In our experiments with wt2g we found that the clustering always tended to produce a single large cluster, with over half of the documents. Many of the documents in the large cluster were extremely short; around 70,000 had fewer than 10 tokens, all in the largest cluster. When we re-clustered without these short documents, roughly the same clusters were formed, except for the large cluster which was somewhat reduced. We report results on both the original wt2g and the reduced version without the short documents, wt2g-c.

Clustering methods. In all of our experiments we use k-means clustering.Footnote 1 As discussed, other approaches are not always practical, but in any case our goal here is not to establish the best possible clustering method, but to explore how variation in how documents are clustered is susceptible to measurement. We set the maximum number of iterations to 300 as k-means clustering does not always converge.

Our approach is to first use the Elbow method, with polynomial regression with an order of 10,Footnote 2 to establish a reasonable choice of k, which is then fixed for the remainder of our experiments.

To vary the quality of clustering, we use three different vectorisations of the documents.


The m most common words in the collection are identified; the representation of a document is a vector with a 1 if the word is present or 0 if the word is absent. We use m of 50 and 500, with the former value in particular chosen to ensure that the clustering is likely to poor.


The m most common words in the collection are identified, after removal of stopwords and words occurring in more than 5% of the collection; the representation of a document is a vector with a TF-IDF weight of each the word (0 if the word is absent). We use m of 500 and 8000. The formulation of TF-IDF is as in Zobel and Moffat (2006). tfidf and binary are examples of bag-of-word vectorisations.


We generate doc2vec vectors representing each document (Le and Mikolov 2014) using gensim,Footnote 3 of length 100 and 500. Our expectation is that doc2vec 500 should be similar or superior to tfidf of the same length, as it is a richer representation.

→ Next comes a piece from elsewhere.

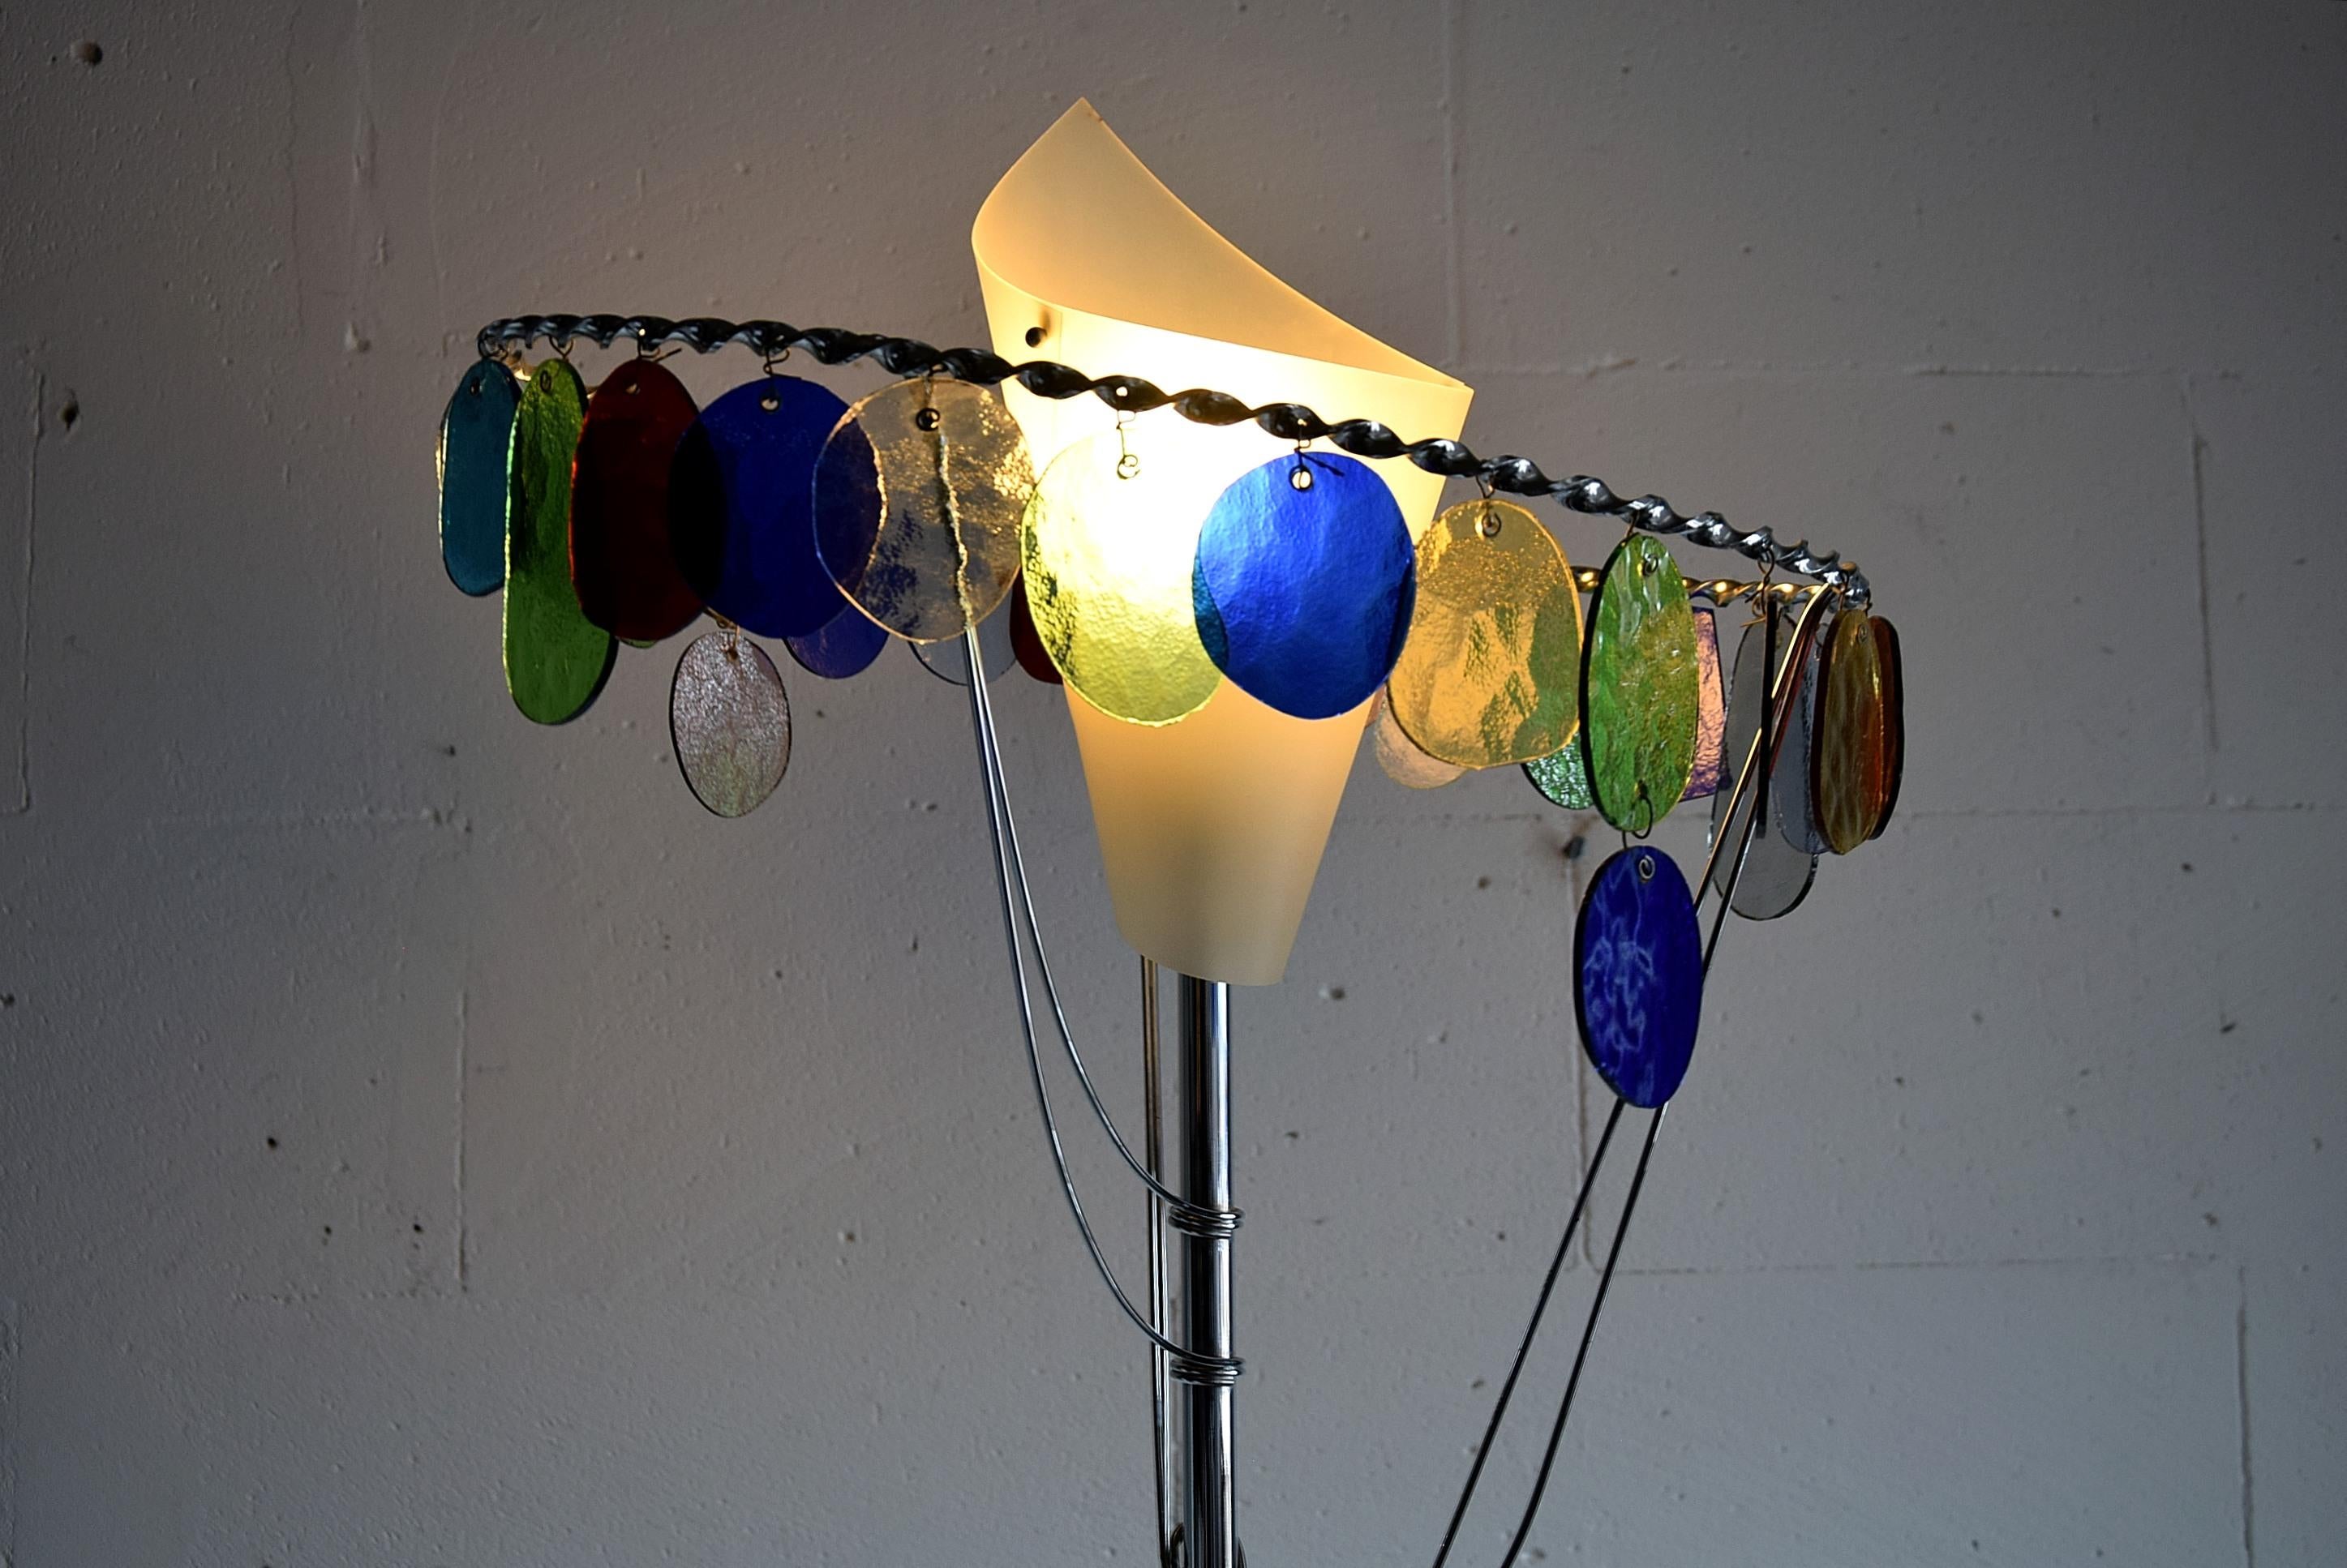 Lampe de table Artemide Sibari de Toni Cordero, 1990.
La lampe Sibari du designer italien Toni Cordero (1937-2001) appartient à la série des sculptures lumineuses de Milano Torino telles que l'Ecate ou l'Anchise produites en petit nombre en

We do not report results with multiple values of k, though we note that in clusterings of different kinds comparison across k is also of value. This is because we already have a rich landscape of parameters to explore. The decision to use 8000 as the upper limit for tfidf and 500 for doc2vec was determined by consideration of processing costs, over the large numbers of iterations required to build these results; k-means grows in computational cost as dimensionality is increased.

An alternative to use of binary as a poor representation would be to cluster with a reliable representation and then degrade by randomly swapping a controlled percentage of documents between clusters. This would have the advantage of showing whether the measures could smoothly track cluster quality, but would not illustrate whether the measures could detect a genuinely poor approach; as this was our primary aim we chose to use binary, but if results had been unclear would have also explored random degradation.

In each experiment, we ran k-means clustering 10 times with different initial seeds, and report averages over the 10 runs. For each clustering, there is a set of cluster sizes; the random partitioning used to estimate the natural floors or ceilings were generated to have the same set of sizes.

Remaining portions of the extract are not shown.